SR Bishop Faces 3 Options for Accused
Priest Ross Still on Leave More Than a Year after Suspension
By Guy Kovner firstname.lastname@example.org
Press Democrat [California]
July 22, 2003
More than a year after Santa Rosa Bishop Daniel Walsh supported the "zero-tolerance" approach to sexual misconduct by priests, he still faces the prospect of applying it to one of his own: a well-liked cleric who has acknowledged his sin but won't quietly resign his collar.
The Rev. Anthony Ross, who lives in the Santa Rosa area, was suspended in April 2002 after allegations by a Joliet, Ill., man who said the priest molested him at least twice in 1981, when he was 15.
Ross initiated his transfer from Joliet to Santa Rosa and was hired in 1993 to run the local diocese's ministry for county jail and Juvenile Hall inmates.
He remains on administrative leave, receiving a stipend from the church but barred from performing any priestly duties, diocese spokeswoman Deirdre Frontczak said.
When Walsh returns from vacation at the end of the month, he will find paperwork prepared by the Rev. Daniel Whelton, the diocese's canon lawyer, outlining the options for determining Ross's fate. The bishop can:
Convene a tribunal, which would exonerate or convict Ross. The tribunal also could find Ross' rights were denied, entitling him to resume his post, an outcome Frontczak said was unlikely.
Order Ross permanently removed from the ministry, prohibiting him from wearing a collar or saying Mass. Ross could retire and receive both a church stipend and a pension, Frontczak said.
Ross could appeal such an order to the Vatican, which would uphold or overturn the bishop's decision, she said.
Hand over the case to the Vatican's Congregation for the Doctrine of the Faith. The congregation has the authority to take over any case of alleged sexual misconduct.
Whichever option Walsh selects, he must advise and get consent from the Vatican panel, created in 1965 as a direct descendant of the 13th-century Holy Office of the Inquisition.
Ross' alleged victim, now 37, said he is appalled by the delay. "This is all just comical to me," he said. "There's never been a clearer case for dismissing somebody."
The man said his family advised Illinois church officials of the molestations in 1983. There are no civil lawsuits or criminal charges pending against Ross.
Ross cannot return to active ministry unless he is absolved by a church tribunal, a process much like a civil trial but conducted secretly within the church.
Tribunals were added to U.S. bishops' sexual misconduct policy at the Vatican's insistence to ensure accused priests were afforded due process under canon law. The policy was approved by the Vatican in December and became church law March 1.
Ross has the right to request a tribunal.

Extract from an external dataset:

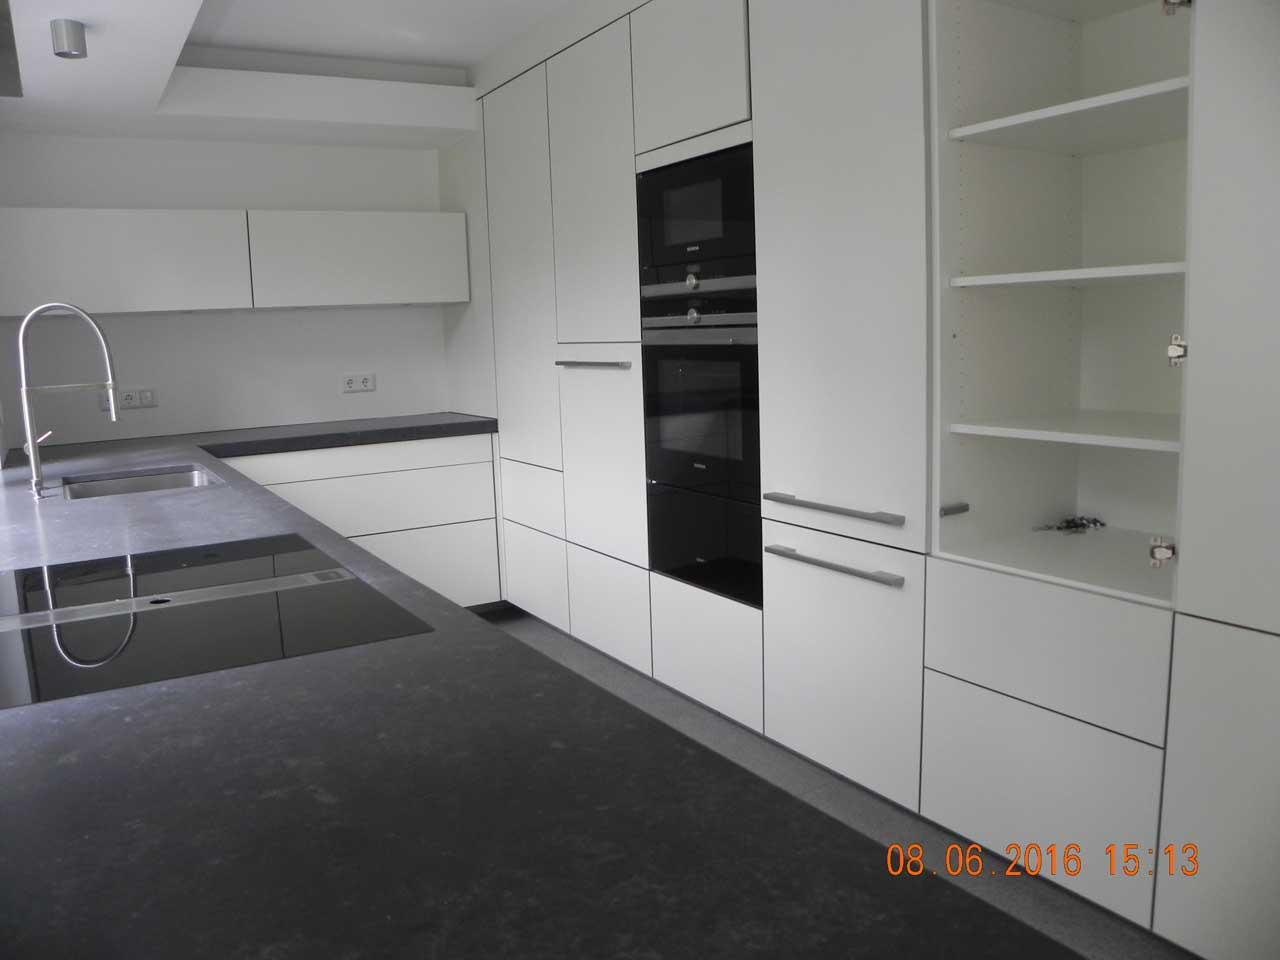 Küche & Kamin - Fertig 18

Walsh can recommend a tribunal and the Vatican congregation can order one, Frontczak said.
To date, no tribunal has convened nationally nor are any in the works, said Sister Mary Ann Walsh, spokeswoman for the U.S. Conference of Catholic Bishops.
A tribunal, or church trial, is "an unlikely option" for Ross, based on his own admissions, Frontczak said.

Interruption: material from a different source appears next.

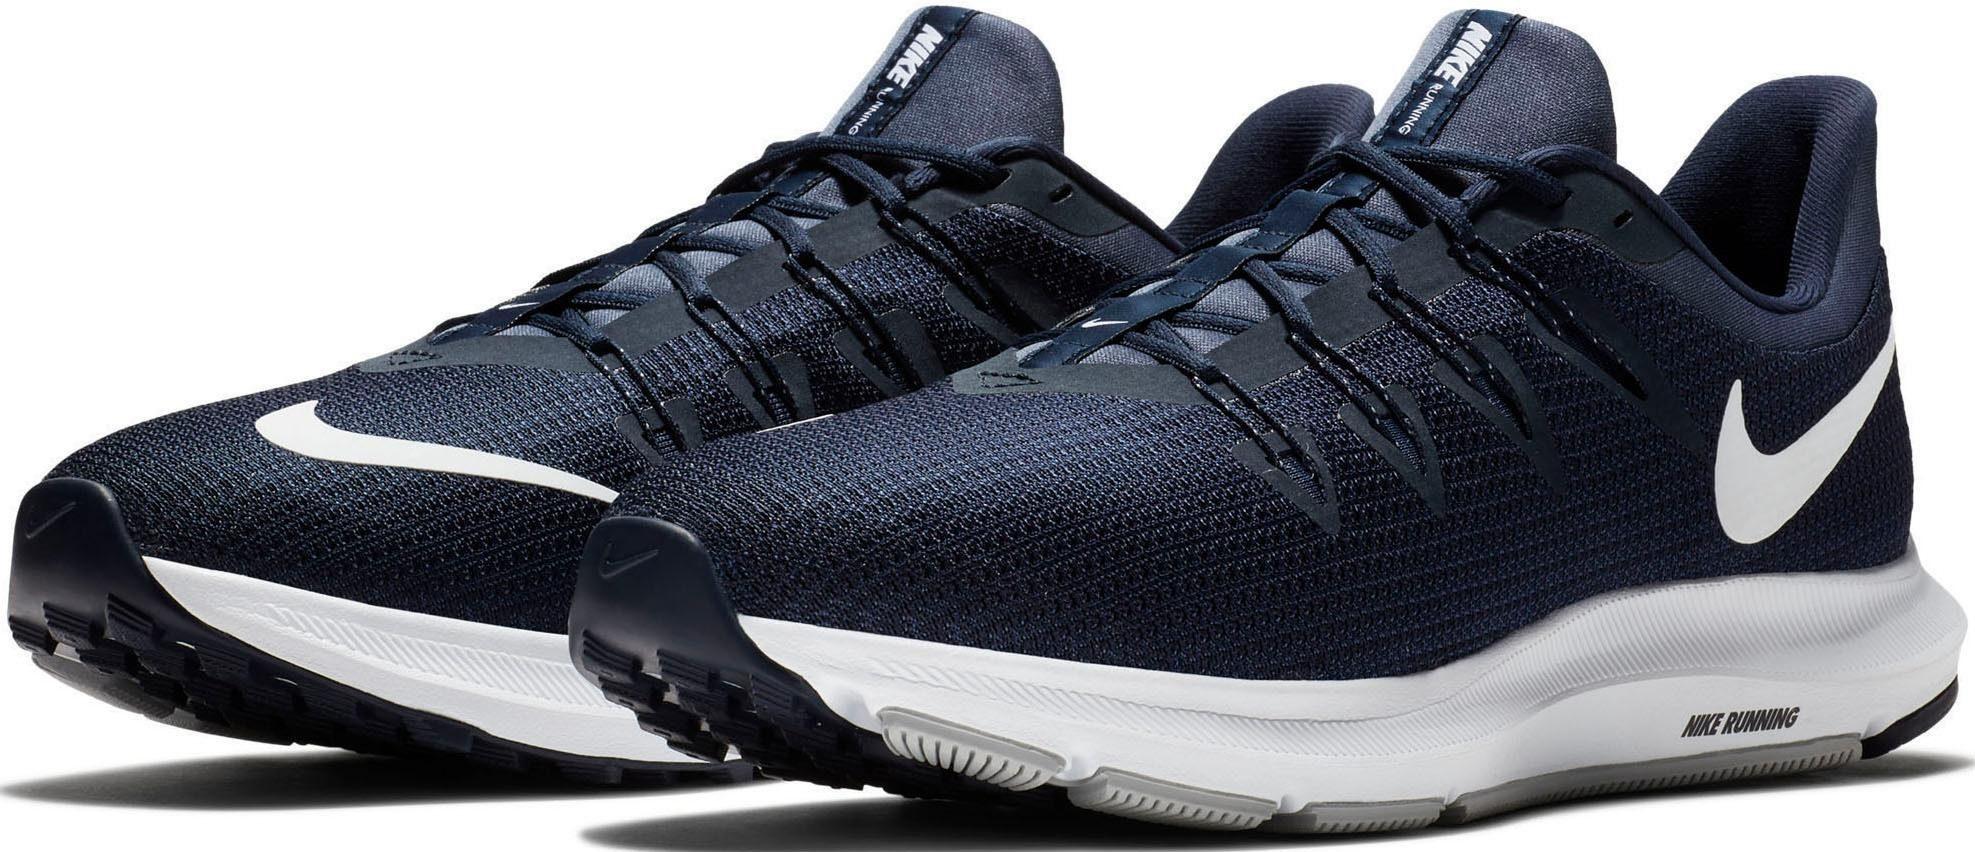 Nike »Quest« Laufschuh, Atmungsaktives Obermaterial aus Mesh online kaufen  | OTTO

In a statement released by the diocese last year, Ross apologized for causing "pain to the young man from Illinois and his family because of my actions in the early 1980s." He did not characterize what those actions were.
Ross also acknowledged participating in therapy and allegedly wrote letters to the Illinois youth in 1983, while the he was in a California facility receiving treatment for sex-related problems.
A California law that allows lawsuits to be filed this year for decades-old offenses does not apply because the alleged crimes took place in another state.
The alleged victim said he has no plans to sue Ross or the church. "I'm over it," he said. "The guy admitted it. That's all I ever wanted."
Ross has said little publicly about the case other than his statement issued after his removal from the jail ministry. Ross could not be reached for comment, but he has not, Frontczak said, agreed to a permanent removal.
"He has not expressed a willingness to step aside," she said.
Sister Martha Marie Linhares, who was Ross' assistant, now heads the diocese's Detention Ministry, which includes a team of lay volunteers and several priests who offer Mass in jail facilities.
A second chance at the ministry for Ross is not an option under the bishops' policy for dealing with allegations of sexual misconduct.
"When even a single act of sexual abuse by a priest or deacon is admitted or is established ... the offending priest or deacon will be removed permanently from ecclesiastical ministry," the policy says.
Walsh joined in the overwhelming vote to approve the policy in June 2002 at Dallas but expressed concern at the time that it could end Ross' career.
"It's a heartbreak," Walsh said then. "It's another tragedy."
The bishop has since made no direct comment on Ross' case and could not be reached for comment Monday.
Frontczak said the policy leaves the church no choice.
"Unfortunately, we cannot have him representing the church in the ministry," she said. "It is not a matter of whether he is forgiven (by fellow clerics). It's a matter of assuring the faithful that we are serious about providing a safe environment for the children."
She said the case is not moving slowly. Diocese officials waited until March, when the policy became church law, and then began drawing up the paperwork for Walsh to consider.
"That part of it is moving along with due process," she said.